34. Em 27 de outubro de 2006, a organização Instituto de Defensa Legal do Peru apresentou um amicus curiae. Em 24 de novembro do mesmo ano, o Estado formulou observações sobre esse documento.

35. Em 29 de outubro de 2006, a Comissão e o Estado apresentaram suas alegações finais escritas. No dia seguinte, as representantes fizeram o mesmo.


36. Nos dias 1º, 3, 10, 13, 20 e 24 de novembro de 2006, as representantes, a Comissão e o Estado apresentaram informação e documentação em resposta à solicitação de prova para melhor resolver (par. 33 supra e par. 66 infra).
V

Acatamento Parcial
37. No presente caso, o Estado reconheceu sua responsabilidade internacional tanto perante a Comissão quanto perante o Tribunal, motivo pelo qual se passa a especificar os termos e o alcance desse reconhecimento.
38. Na alínea b do comunicado de imprensa emitido pela Comissão em 22 de fevereiro de 2001, juntamente com o Peru, durante o 110° Período Ordinário de Sessões, (par. 9 supra), o país declarou que “reconhecer[ia] a responsabilidade e adotar[ia] medidas para restituir os direitos afetados ou reparar o dano causado em vários casos, entre os quais o caso no 11.045 (La Cantuta)”.
39. Durante a tramitação deste caso perante a Corte Interamericana, o Estado acatou “os fatos alegados, mas declara sua discordância com respeito às consequências jurídicas que se deseja atribuir a alguns desses fatos”; além disso, “declar[ou] à Corte que acata parcialmente algumas das pretensões da Comissão e das representantes das supostas vítimas”.
40. No Capítulo V da contestação à demanda, intitulado “reconhecimento dos fatos pelo Estado”, reiterado no Capítulo III de suas alegações finais escritas, o Peru declarou o seguinte:
Os fatos reconhecidos pelo Estado compreendem:


  1. a identificação e preexistência das supostas vítimas nas pessoas de Hugo Muñoz Sánchez; Juan Mariños Figueroa; Bertila Lozano Torres; Roberto Teodoro Espinoza, Marcelino Rosales Cárdenas; Felipe Flores Chipana; Luis Enrique Ortiz Perea; Armando Amaro Cóndor; Heráclides Pablo Meza; e Dora Oyague Fierro (parágrafo 50 do escrito de demanda);

  2. a presença e controle militar na área do recinto universitário de La Cantuta no dia dos fatos (parágrafos 51 a 53 do escrito de demanda);

  3. o ato de sequestro que compreendeu a detenção ilegal e o dano à integridade pessoal das dez pessoas: Hugo Muñoz Sánchez; Juan Mariños Figueroa; Bertila Lozano Torres; Roberto Teodoro Espinoza; Marcelino Rosales Cárdenas; Felipe Flores Chipana; Luis Enrique Ortiz Perea; Armando Amaro Cóndor; Heráclides Pablo Meza; e Dora Oyague Fierro; seu desaparecimento forçado e o prejuízo ao reconhecimento da personalidade jurídica (parágrafos 53 a 57 do escrito de demanda);

  4. a execução extrajudicial de Armando Richard Amaro Cóndor, Roberto Teodoro Espinoza, Heráclides Pablo Meza, Juan Gabriel Mariños Figueroa, Luis Enrique Ortiz Perea e Bertila Lozano Torres, cujos cadáveres foram posteriormente encontrados (parágrafos 58 a 68 do escrito de demanda);

  5. a persistência do desaparecimento forçado de Dora Oyague Fierro, Felipe Flores Chipana, Marcelino Rosales Cárdenas e Hugo Muñoz Sánchez (parágrafo 69 do escrito de demanda);

  6. a violação das garantias judiciais e da proteção judicial.
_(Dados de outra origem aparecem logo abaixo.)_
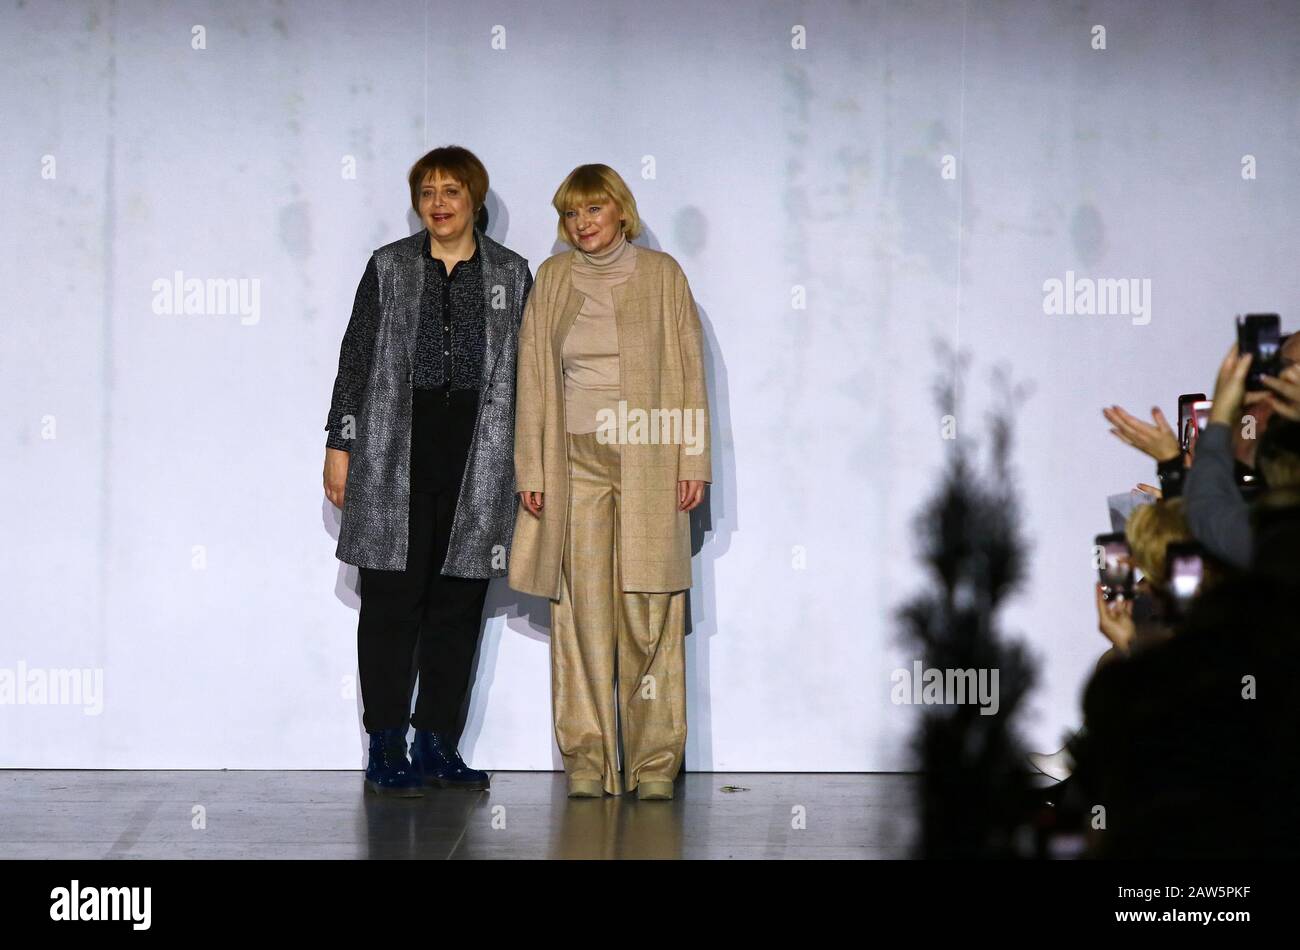 Kiew, Ukraine - 2. Februar 2020: Die Designer Tetyana VOROZHBYT und Olena ZEMSKOVA während ihrer Modepräsentation im Rahmen der 46. Ukrainischen Fashion Week Saison Herbst/Winter 2020/21 in Kiew Stockfoto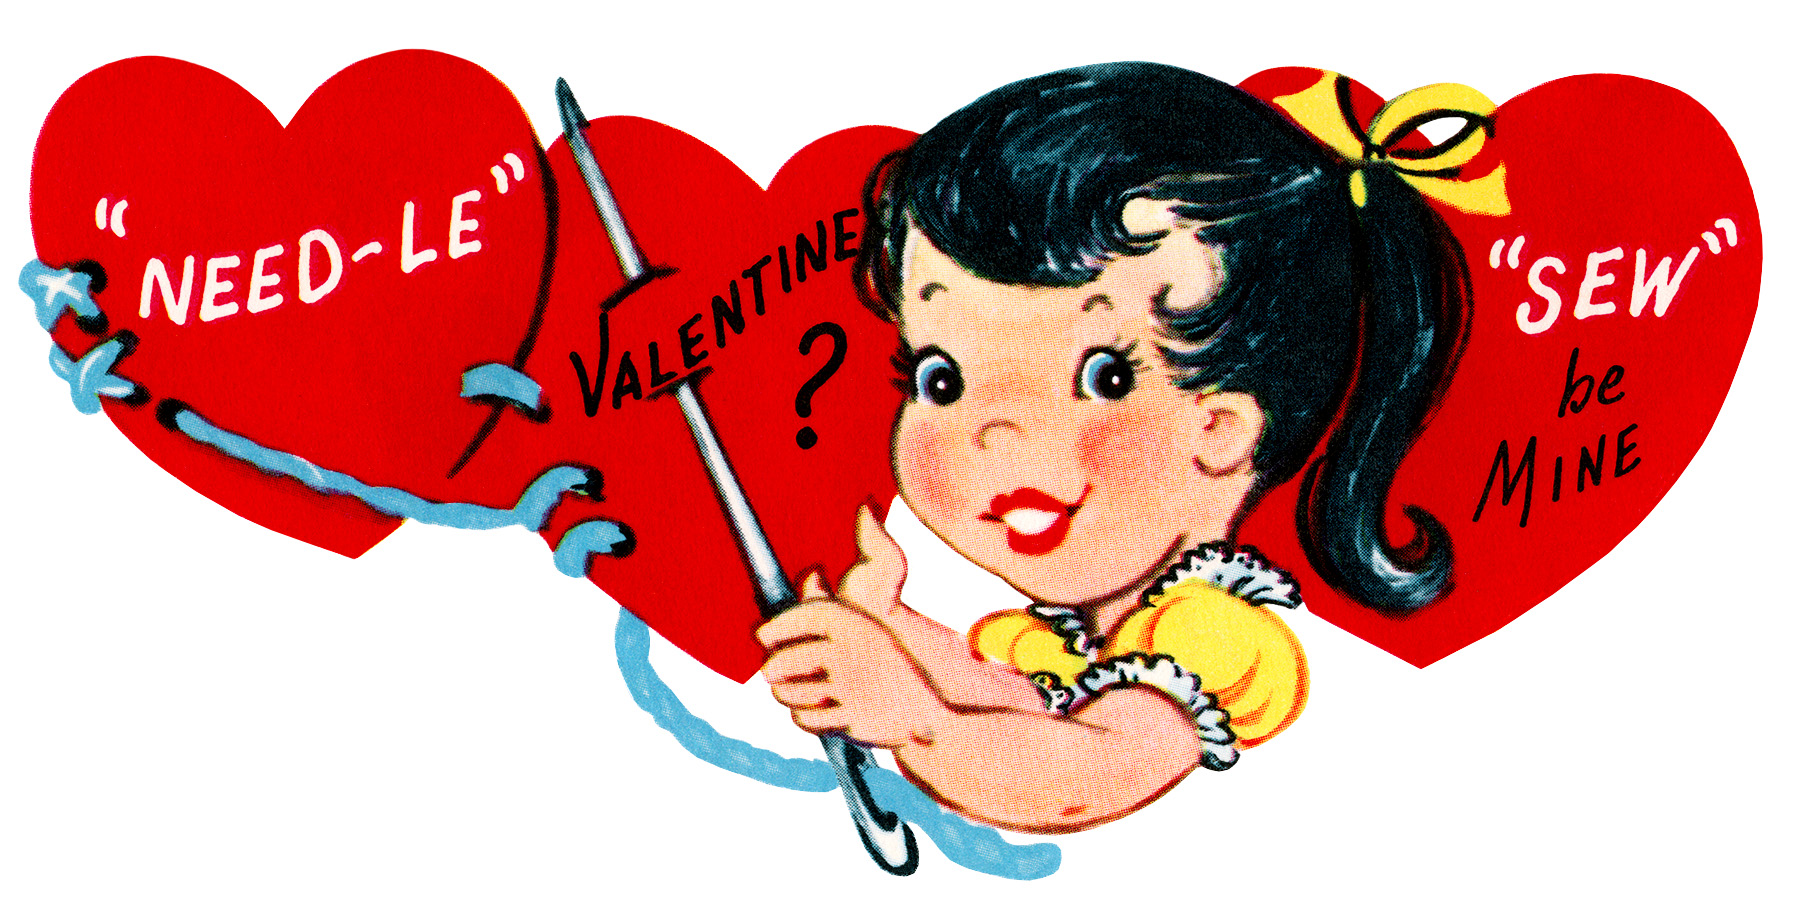 sew be mine valentine, vintage valentine clip art, girl sewing hearts, retro valentine card, printable valentines, old fashioned childrens valentine

Esses fatos se manifestaram nos atos iniciais de investigação (parágrafos 90 a 105 do escrito da demanda), nos atos posteriores de intervenção de tribunais militares (parágrafos 106, 111 e 112 do escrito de demanda) e do Congresso da República (parágrafo 109 do escrito de demanda), na decisão da Corte Suprema de Justiça (parágrafos 108, 109 e 110 do escrito da demanda), na aprovação da Lei de Anistia nº 26.479 pelo Congresso (parágrafo 113 do escrito de demanda), da Lei nº 26.492 (parágrafo 116 do escrito de demanda) e na promulgação dessas leis de anistia por parte do Poder Executivo, embora não mencionado de forma expressa no texto da demanda;

  7. a existência do denominado “Grupo Colina” (parágrafos 83 a 89 do escrito de demanda);

  8. a promulgação das leis de anistia e os efeitos da sentença da Corte Interamericana no Caso Barrios Altos Vs. Peru (parágrafos 113, 116, 117 e 118 do escrito de demanda);

  9. as novas investigações (parágrafos 119, 120 e 121 a 126 do escrito de demanda).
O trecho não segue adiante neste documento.